When cities have taken on public space programs that celebrate design and “open space” first, the spaces tend to fail as community places that truly attract people and build communities. This has ultimately relegated the role of design in cities to create left over space and isolated statements, rather that truly shaping cities and communities through a more organic and holistic placemaking process.
Design will become more important when it becomes a servant of communities and places, rather than the current dynamic where designers are their own audience. Unfortunately, the increasing role of public spaces in cities is perhaps most threatened by the narrow vision through which well-intentioned design programs are being carried out. This is clearly an opportunity to get it right and certainly seems to have all the right intentions.
I couldn’t agree with you more! We have examples in Cape Town where we (unfortunately, but for all the right reasons) have redesigned and upgraded public spaces, which are then are not really used. This is partly because we do not have a good public space management system in place, to mediate the sometimes conflicting uses and to market (or in the words of Jan Gehl, ‘issue an invitation’) the spaces. However, the main reason is that we often don’t understand the economics of public spaces, i.e. what people want to use them for, so while they are well designed aesthetically, they still do not fulfil a socially useful role.
Come on City of Cape Town we saw how the public can make Cape Town safe by occupying its public spaces during the World Cup. Lets create spaces that people will enjoy and that will allow us to get to know and love each other.
We generally recommend starting public space planning with how it will be used, including how it will be managed and programmed.
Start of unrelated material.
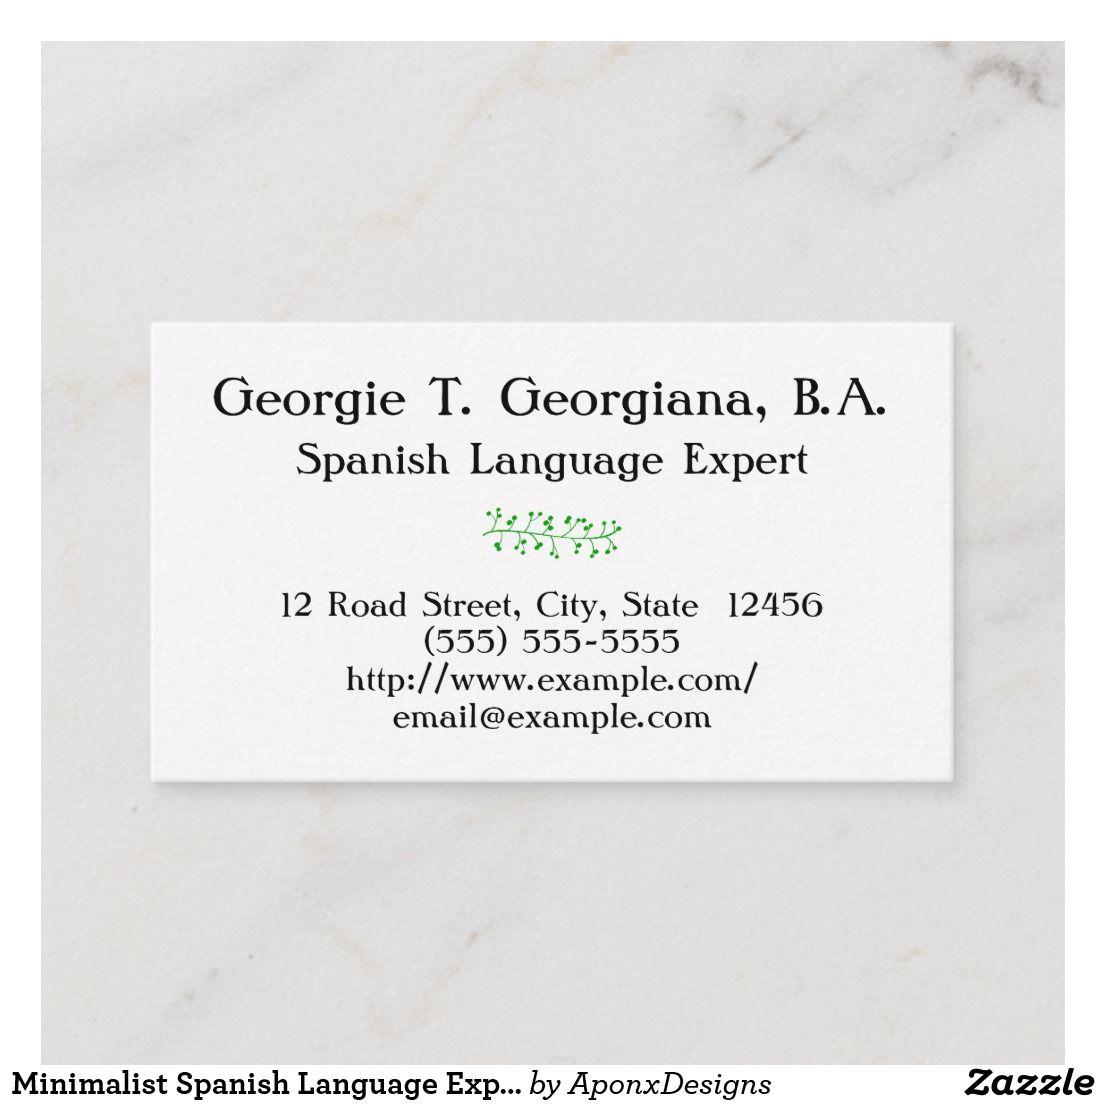 Minimalist Spanish Language Expert Business Card Zazzle Com

It is often hard to avoid the urge to jump to the design solution. But focusing on use and management with communities and engaging them as experts is usually the most effective way of developing a program that can draw the most creativity, and ultimately success, for designers. engaging the Communities are usually very good at this (they are not usually very good at design).
Fred Kent (PPS president & my father) is giving a closing keynote for Seoul’s year as World Design Capital soon. Other PPS staff have been working there recently and have told us that they are quickly realizing that the celebration of design alone has not gotten them the desired results. Apparently this is why they are having Fred close the year to suggest a new way forward.